Data Profiling: Identify the flaws of your data visually and get an overview of your data health. You can see the number of misspelled names, typos, and other common data quality problems categorized into multiple columns.
Clean Data: Data cleaning is achieved by applying pre-defined rules to your data. With these rules, you can clean up messy data and standardize it according to established standards. For instance, if your data columns are suffering from mixed-case issues, you can clean them up by applying an upper-case function on the data with a simple check-box click
Match Data: Match data from within, between or across multiple data sources using a combination of fuzzy matching algorithms and the software’s proprietary algorithm. Data matching is the very foundation of data preparation because it is the only way you can remove duplicates from your data. If the tool you’re using does not have 100% data match accuracy, your data probably has thousands of hidden duplicates that cannot be easily detected.
Merge: Merge corrected and matched data into a single master file and make it your single source of truth before loading this new information into a new system or source.
Our native integration with modern CRMs and advanced record linkage features allow users to find data matches across all supported repositories, regardless of whether your data lives in social media platforms and legacy systems or traditional databases and flat files. Data Ladder integrates with virtually all modern systems to help you “Get the Most Out of Your Data”.
Conclusion
Cloud migration is the future, but one does not simply move data to a cloud.

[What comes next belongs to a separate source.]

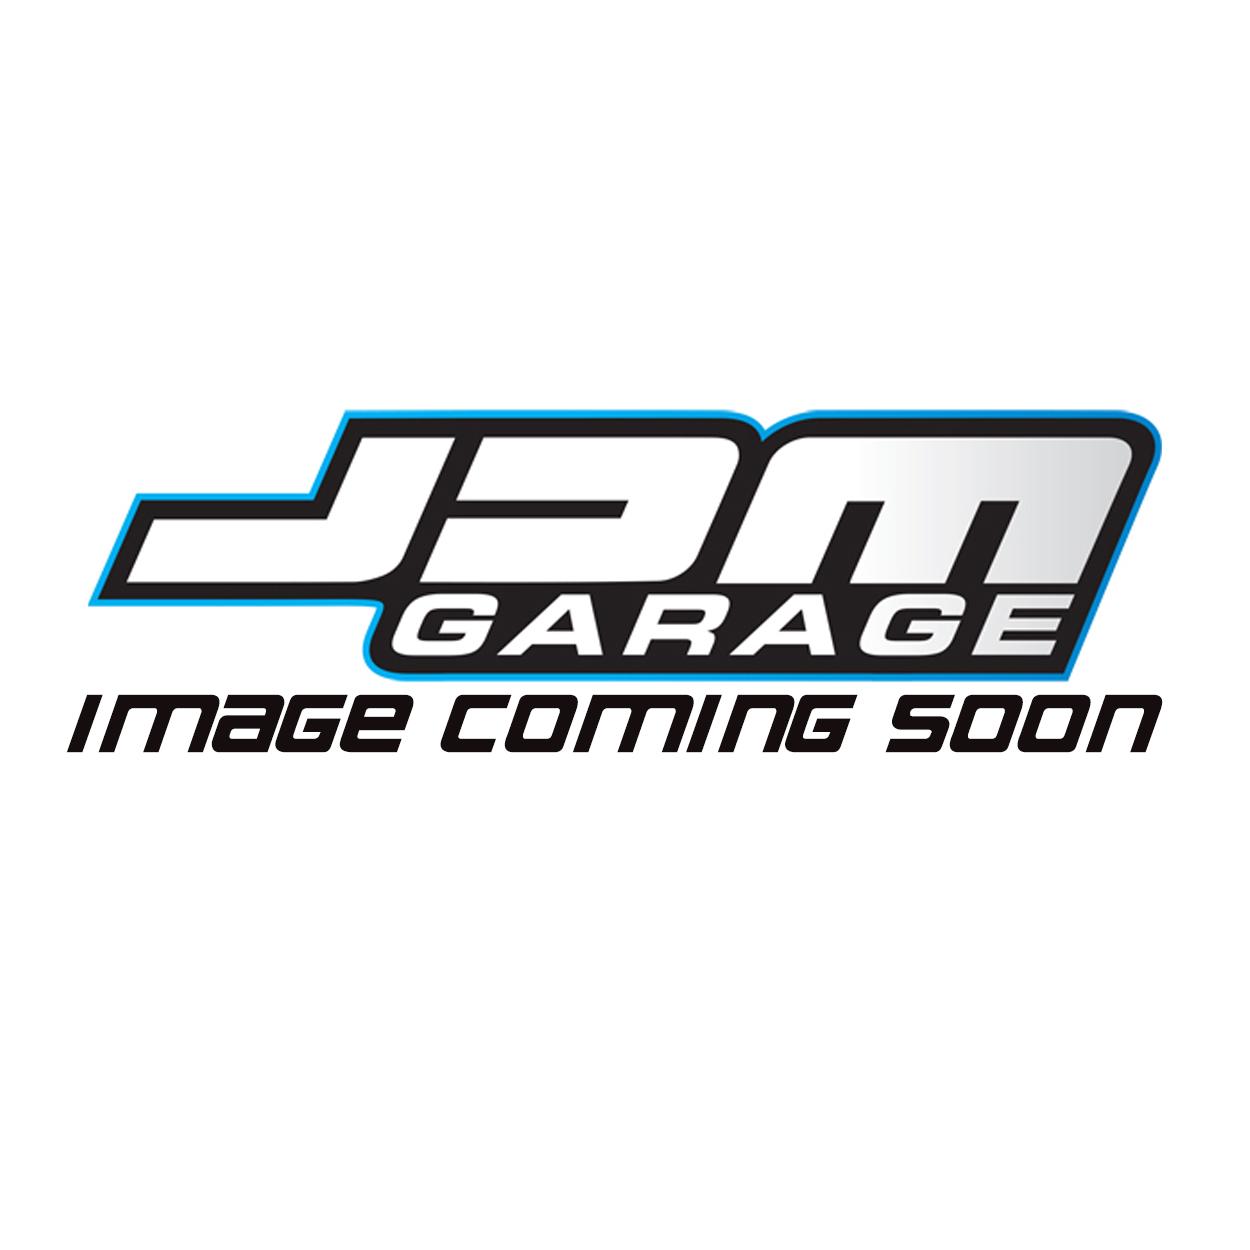 JDM Garage Original Pull-On Beanie - Black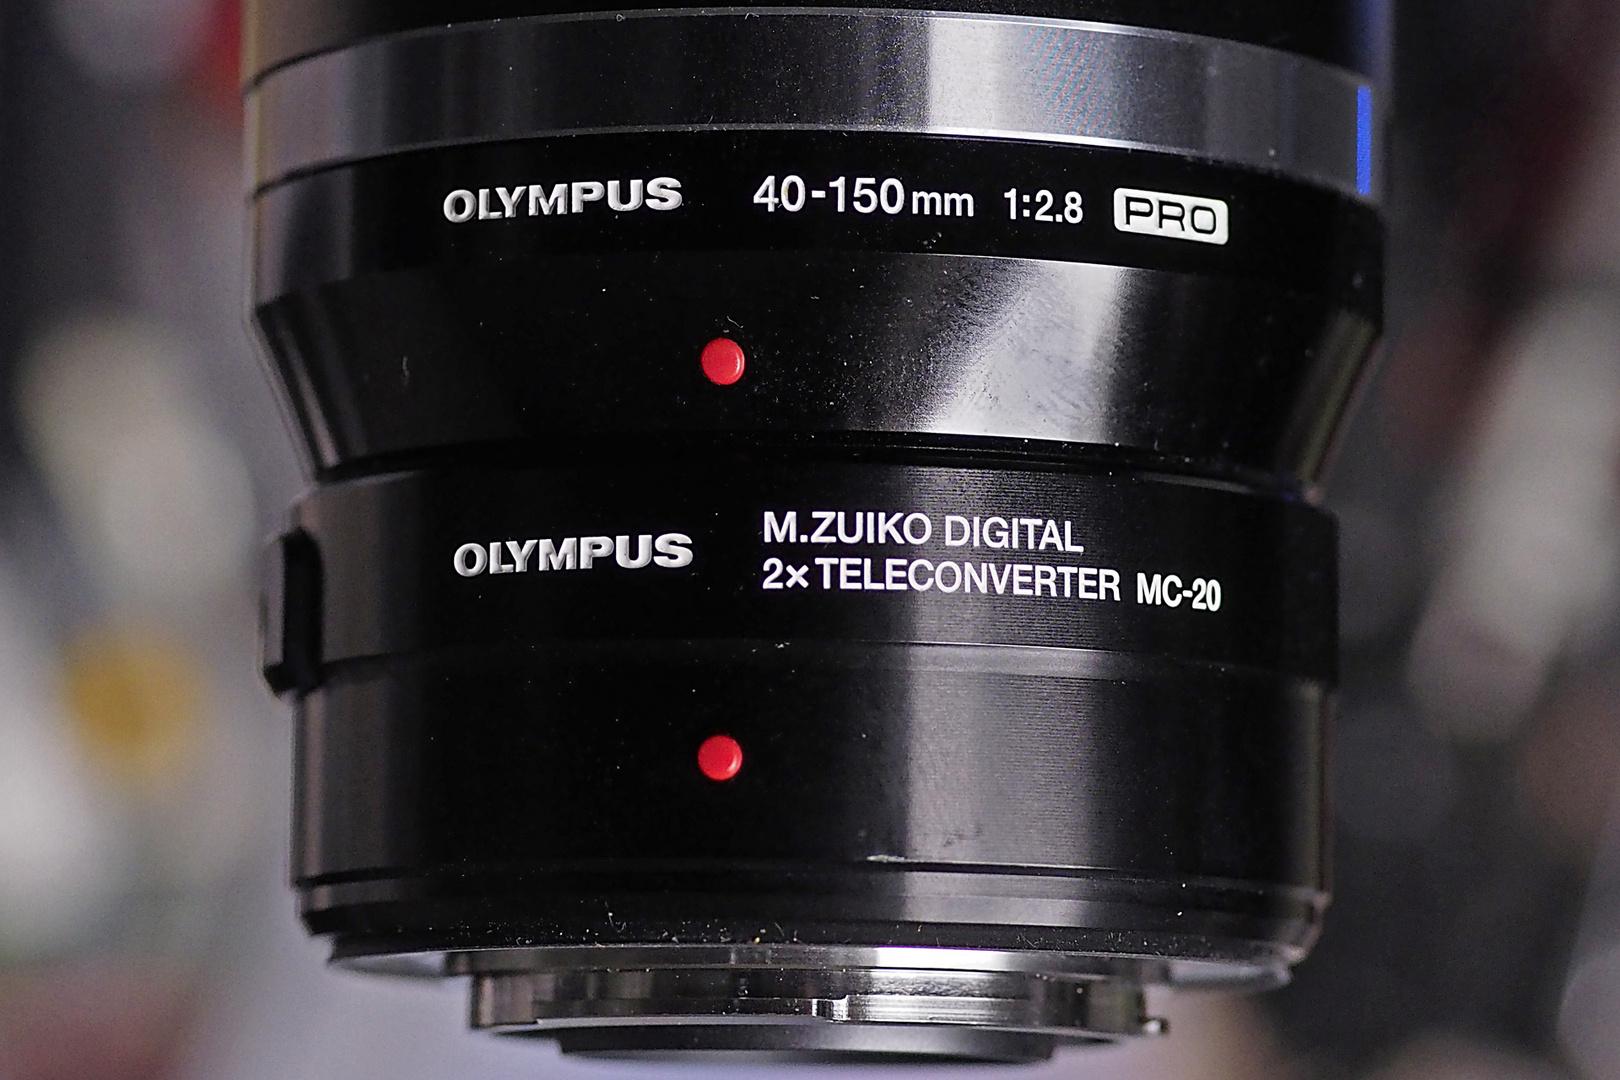 Der langersehnte Neue: Olympus MC-20 2x Telekonverter

You have to make data quality a mandatory focus while data preparation is a process that must be fulfilled before you make the move.
Despite being in demand, cloud migration is complex and the chances for failing are higher than for success. Most organizations have to experience an alarming situation of going back to the data center, failing mid-way with a migration that was blotched with data problems. If a cloud migration strategy has to succeed, it must start with an organizational effort to review & optimize data quality.